Saturday, October 16, 2010

Jen learns to rodeo

When I was growing up all I ever said was "I'm gonna be a farmer when I grow up".  It's no wonder I said that since the only people I was exposed to at a young age were mostly Amish.  So I didn't really know any different.  I surely wasn't going to be an electrician at the mill like my dad, And mom didn't go to work until we were all in school full time.  Even as I grew and was more exposed to other professions I still stuck to my farmer career.  I remember standing in my dad's garage and him lecturing me.  He said "you can't be a farmer", farmers don't make a good living".   But you know parents, dumb as rocks and don't know anything.


My friend Melissa has two Boer billy goats.  She's been wanting to get two females to breed.  She finally found some on Craig's List she was interested in and her being a gas patch widow as am I, she recruited me to make the journey with her to get them.  I also talked my Bestie Jen into going along too.  So I tell willie we're making the trip.  "your not bringing one home are you?"  He asks.  I pause, "I don't think so".   "Wrong answer" he says. 

So Melissa picks me up in her quad cab, 8ft bed chevy pickup, and her blue rubber barn boots.  I climb in with my hot pink rubber farm boots and we're off to pick up Jen.  Jen climbs in with her sketcher tennies, aero shirt and good jeans.  We yell at her "Why are you dressed up to go farming?"  She screams back "Cuz I don't know what the hell I'm supposed to wear, I don't farm".  We like to scream!

So off we go, the three of us and Karen. She is the GPS, named after Planktons wife on Sponge Bob because they have the same voice.  We travel the back roads of south Butler, praying to arrive safely due to Melissa's driving.  We arrive at our destination.  As we pull closer to the house, we are bombarded with a menagerie of animals.  Dogs, chickens, guineas, geese, goats, llamas, donkey's, pigs, kids,  ect.  We are cracking up at the hilarious vision in front of us. 

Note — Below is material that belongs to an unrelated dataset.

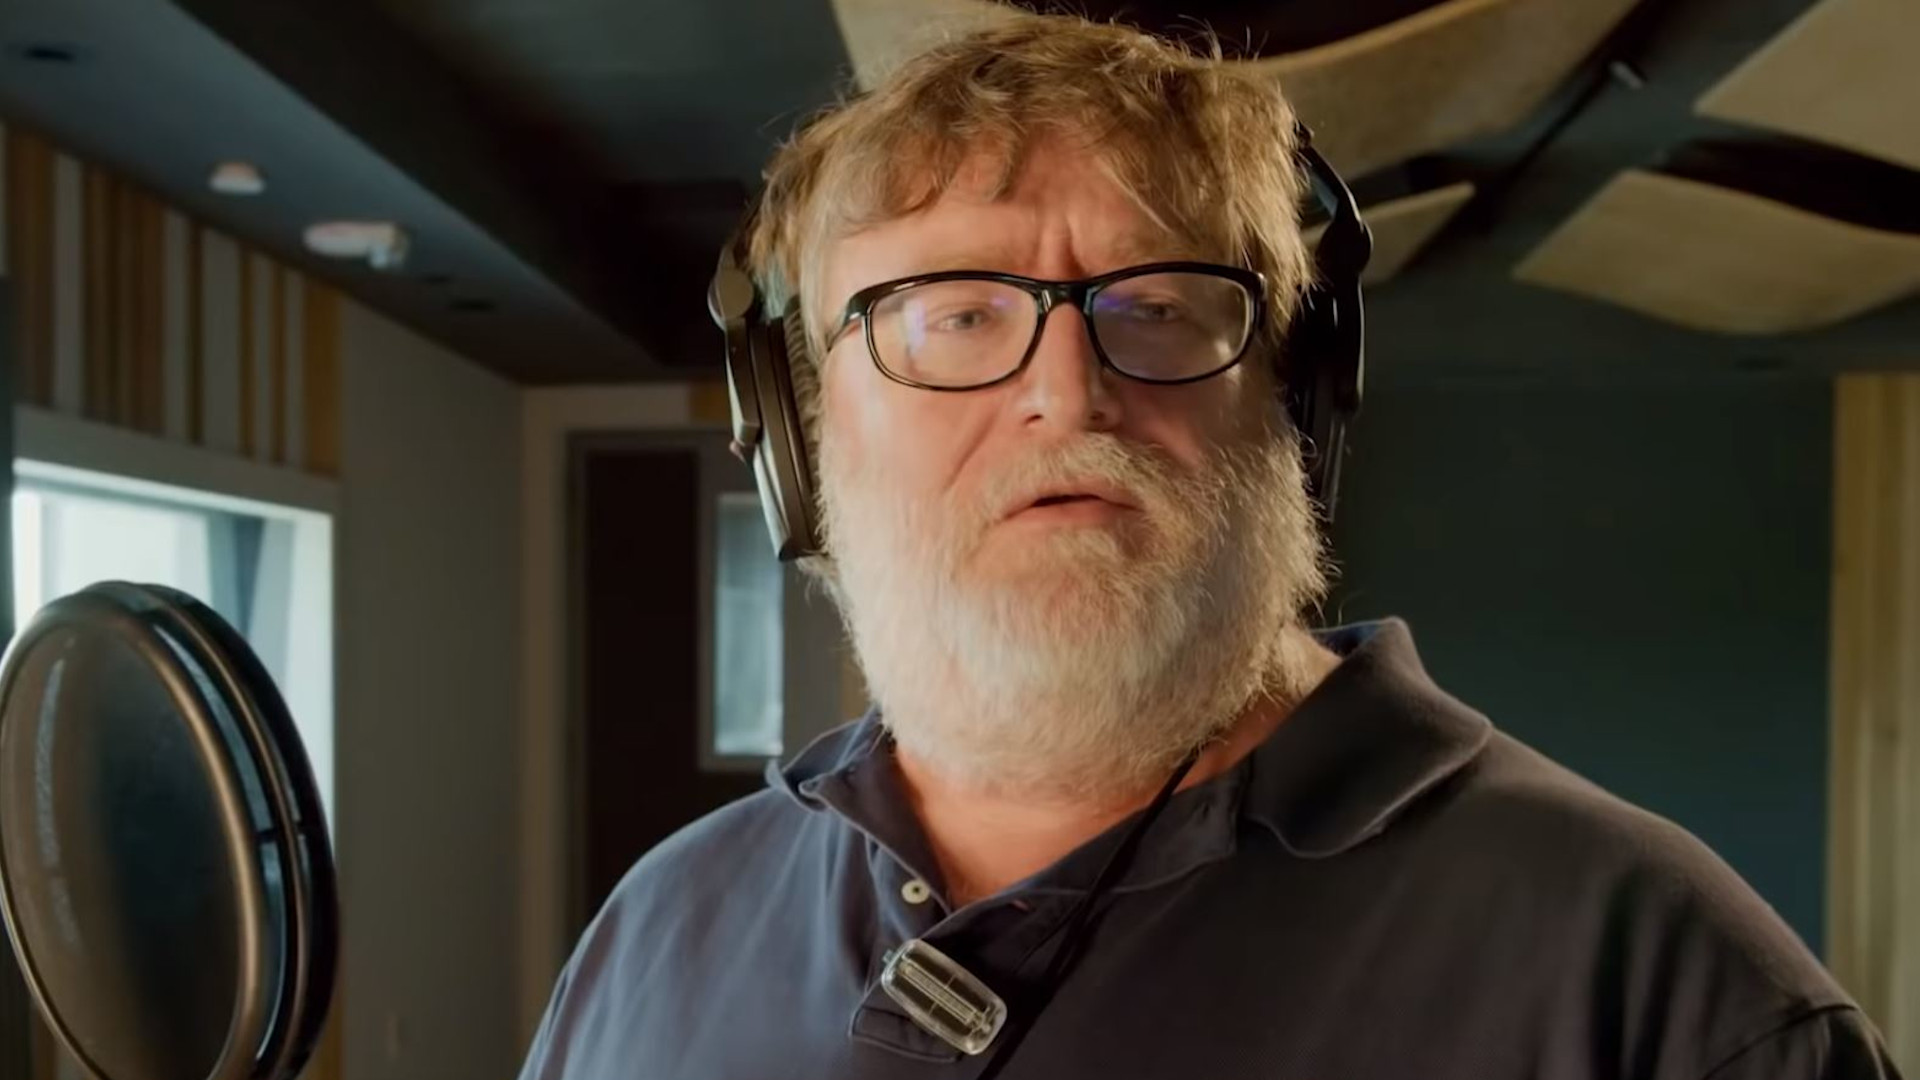 Business of Esports - Valve's Gabe Newell Attacks The Metaverse And NFTs

We end up bringing three  female goats home.  And even with Melissa's 8ft truck bed, she proceeds to lay out a tarp on the back seat to bring them home.  We all think she's a little touched.  We start our journey home.  I make her stop along 422 because I have to pee so bad.  Well, the goats knew it was a pee break and started peeing all over the back seat.  Jen is screaming "Oh my God, Oh my God, how gross".  Well, a goat can't pee with out dropping some pellets too.  Jen screams louder.  I'm glad I'm done peeing or I would've peed my pants laughing.  We need to stop at Tractor Supply and get some supplies. So we leave them in the truck while we shop. We're hungry, so we go into Pizza Hut and order pizza.  Remember,  I am still in my hot pink rubber boots and we all wreak of Goat and god knows what else.  With that being said, I still think we were overdressed for the general Kittanning population.

We arrive home.  I carry one goat into the barn. Jen grabs another crying and screaming because they are covered in pee and turds.  Her goat senses her anxiety and decides to buck and kick.  She keeps hold of it and throws it in the barn.  The third is still in the truck bawling.  Well, the two immediately crawl under the gate and start running through the field.  I chase after them.  I'm screaming "they're running away" as I'm chasing them through the pitch dark.  Melissa starts running her pregnant butt up to the house screaming for the men to come and help. They are less then thrilled.  I herd them back towards the barn and one runs toward Jen.  She surprises us all by diving at the goat, face planting in cow manure, as the goat jumps over her and runs away.  Now she is less then thrilled.  We eventually capture all three and decide to lock them in the garage for the night until we can close in the barn better.

We all were so proud of Jen, the non-farmer.  So next month we are taking her back to the goat farmer because she has decided she wants a pig.